Music Cruises Have Caught Major Wind — And This Company Is The Motor Behind Them
Usually when Lyle Lovett performs, the stage does not move. But the 2010 Cayamo music festival took place on a luxury liner in the Caribbean — and 14-foot waves shook him out of his usual stoicism. “I grew up being the carsick kid. Couldn’t ride in the back seat,” says the Texas singer-songwriter. “I was doing an interview with Steve Earle for his Sirius radio show [while on board], and I had to step out of the room and come back in.”
Cayamo is one of 18 festivals this year run by Sixthman, an Atlanta-based company founded in 2001 when Sister Hazel’s then-manager, Andy Levine, invited 400 of the rock band’s superfans to take over 200 cabins of the Carnival Jubilee. It ended up kicking off an appealing new concert-business model: Music cruises gave artists the rare opportunity to play intimate shows for core groups of well-off devotees — all while enjoying access to high-end meals, luxury hotel rooms and slot machines (the occasional need for Dramamine notwithstanding).

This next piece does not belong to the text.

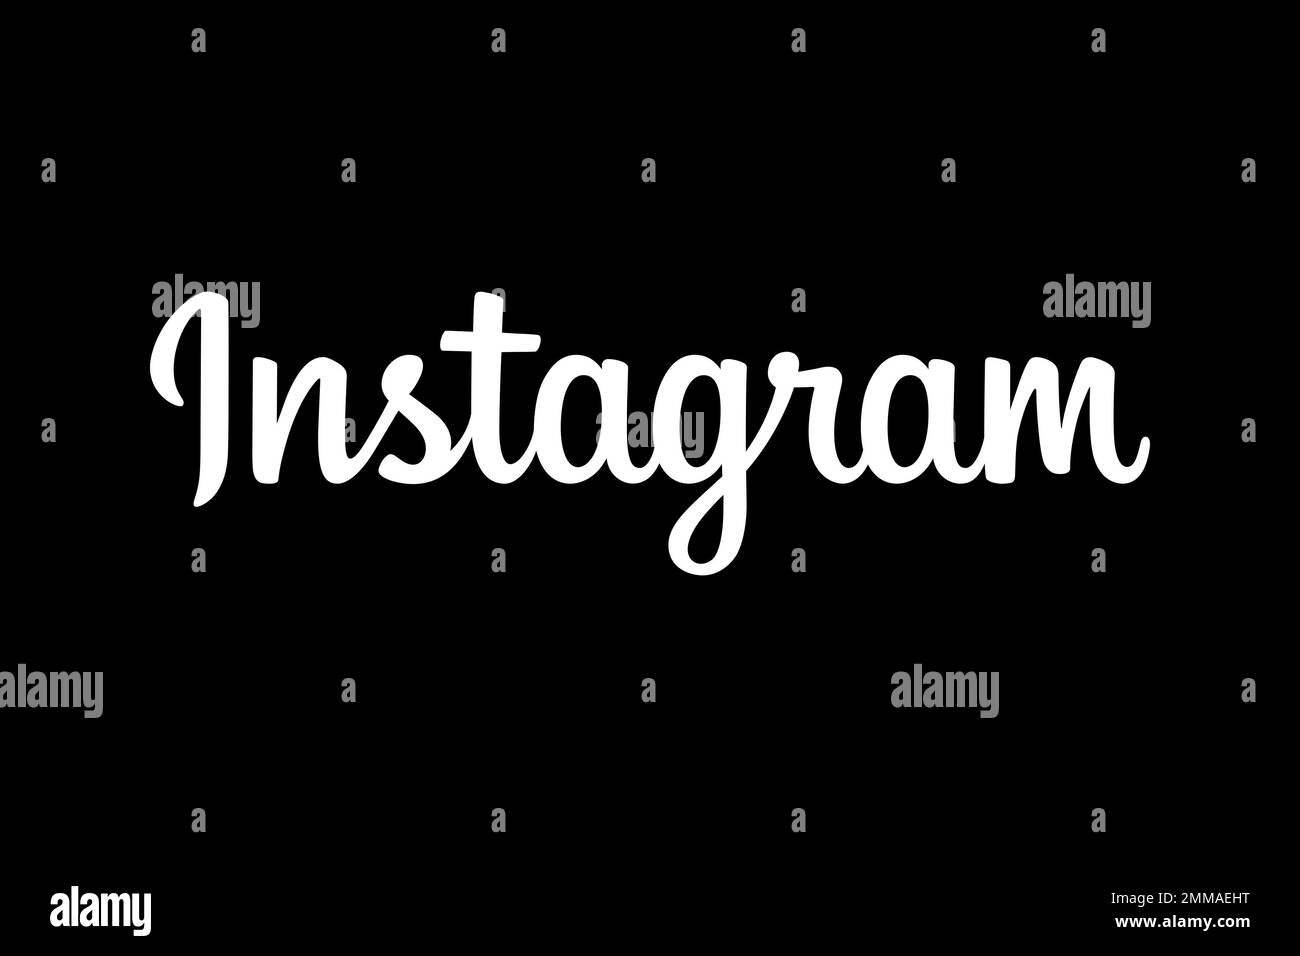 Instagram Wordmark White, black background, logo, brand name Stock Photo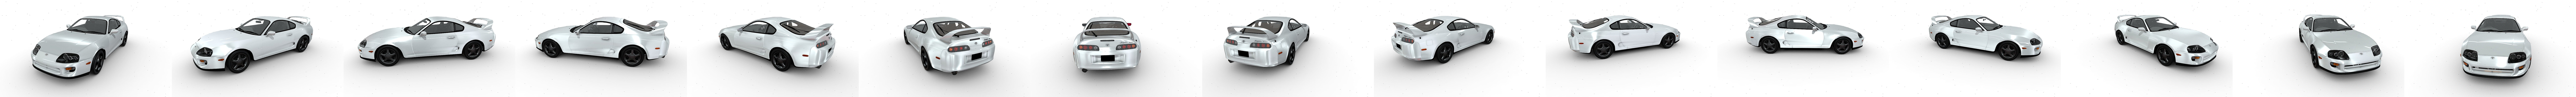 Toyota Supra MK4 Drift Tune - 3D Model by Naudaff3D

Since then, Sixthman (which is now a subsidiary of Norwegian Cruise Line) has paid hundreds of acts to perform on various cruise-ship decks — at first, late-1990s stars like Edwin McCain and Tonic; then a relatively unknown Zac Brown; then bigger names ranging from Lynyrd Skynyrd to Kid Rock to KISS to Paramore. Today, Sixthman focuses on booking veteran acts with loyal, affluent fan bases — big enough to fill a 2,500- to 4,000-passenger cruise, but generally not an arena.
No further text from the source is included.